Une nouvelle audience s’est tenue aujourd’hui dans le procès de plusieurs collaborateurs du journal turc d’opposition Cumhuriyet dont la poursuite en justice est emblématique de l’érosion de la liberté de presse dans le pays.

Au total, 17 dirigeants, journalistes et autres employés actuels ou passés de Cumhuriyet, l’un des journaux de référence en Turquie, sont accusés d’avoir aidé diverses « organisations terroristes armées ». Ils risquent jusqu’à 43 ans de prison.

Pour les défenseurs des droits de l’homme, cette affaire traduit le déclin des libertés en Turquie depuis le putsch manqué du 15 juillet 2016, suivi de purges massives qui ont frappé les milieux critiques: élus prokurdes, médias et ONG. Fondé en 1924, Cumhuriyet (« République »), l’un des doyens de la presse turque et auteur de plusieurs scoops qui ont irrité le président Recep Tayyip Erdogan, dénonce un procès visant à le réduire au silence.

Au terme d’une première semaine de procès, fin juillet, un tribunal d’Istanbul avait décidé de remettre en liberté provisoire sept collaborateurs de Cumhuriyet arrêtés en octobre et écroués depuis, dont le caricaturiste Musa Kart. Mais plusieurs piliers du journal, comme son dirigeant Akin Atalay, son rédacteur en chef Murat Sabuncu, le chroniqueur Kadri Gürsel, ainsi que le journaliste d’enquête Ahmet Sik, sont toujours détenus. Des portraits des quatre hommes, ainsi que de Yusuf Emre Iper, un comptable de Cumhuriyet également jugé, étaient publiés en une du quotidien aujourd’hui, sous le titre « Nous voulons de la justice ».

L’audience se tient à Silivri, près d’Istanbul, dans le deuxième sous-sol d’un tribunal adjacent à la prison de haute sécurité où sont écroués les journalistes. Comme lors de l’audience précédente, une foule nombreuse assistait au procès. Iper, auditionné aujourd’hui, est accusé d’avoir téléchargé sur son téléphone la messagerie ByLock, présentée par les autorités comme l’outil de communication privilégié des putschistes impliqués dans le coup d’Etat manqué.

Il a nié avoir téléchargé l’application. « J’étais sûr d’être relâché rapidement, n’ayant pas une telle application sur mon téléphone. Au lieu de fuir comme un coupable ou de jeter mon téléphone à la mer, j’ai supplié le procureur pour qu’on examine mon téléphone (…) je demande mon acquittement dans ce procès honteux », a-t-il dit.

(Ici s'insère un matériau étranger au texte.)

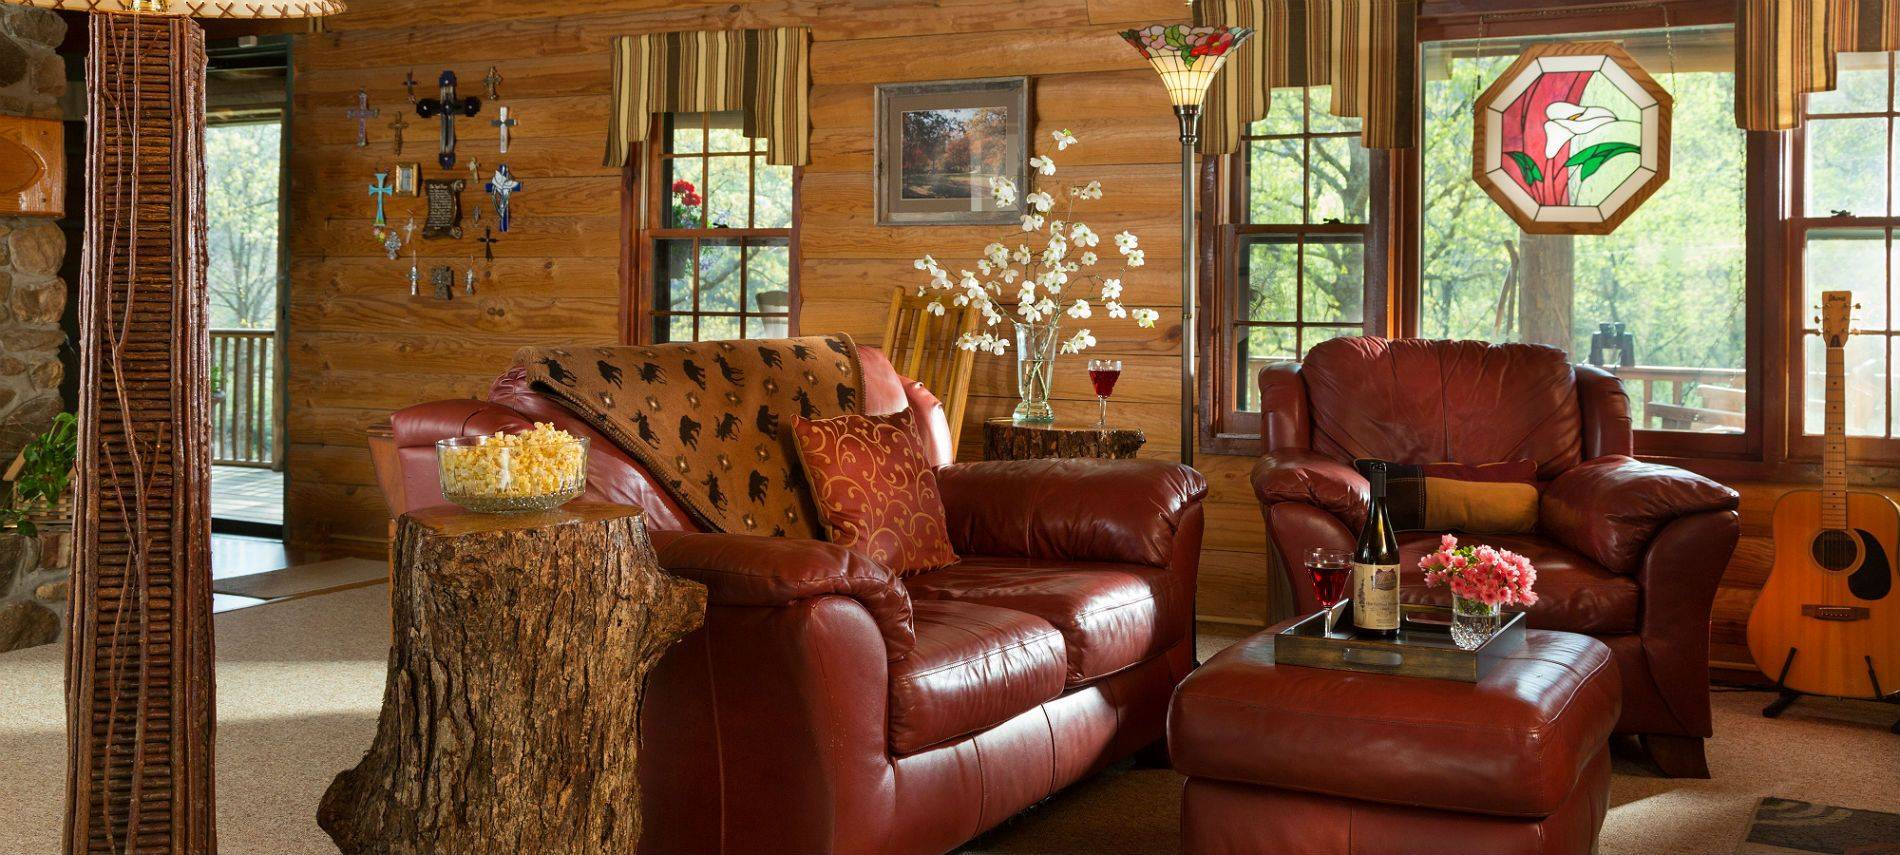 Leather sofa a side chair in a living room with log walls, rustic decor, stained glass floor lamp and window accent.

Parmi les témoins auditionnés lundi figurent notamment des journalistes de Cumhuriyet et plusieurs anciens membres de la Fondation propriétaire du journal. La plupart des questions du président du tribunal concernaient la situation financière du journal et son fonctionnement éditorial: le cheminement de la copie, le choix des titres des articles, de l’angle d’un papier.

« Ils sont jugés simplement parce qu’ils incarnent le journalisme digne de ce nom en Turquie et qu’ils ne diffusent pas la propagande du régime d’Erdogan », a affirmé à l’entrée du tribunal Christophe Deloire, secrétaire général de Reporters sans frontières (RSF).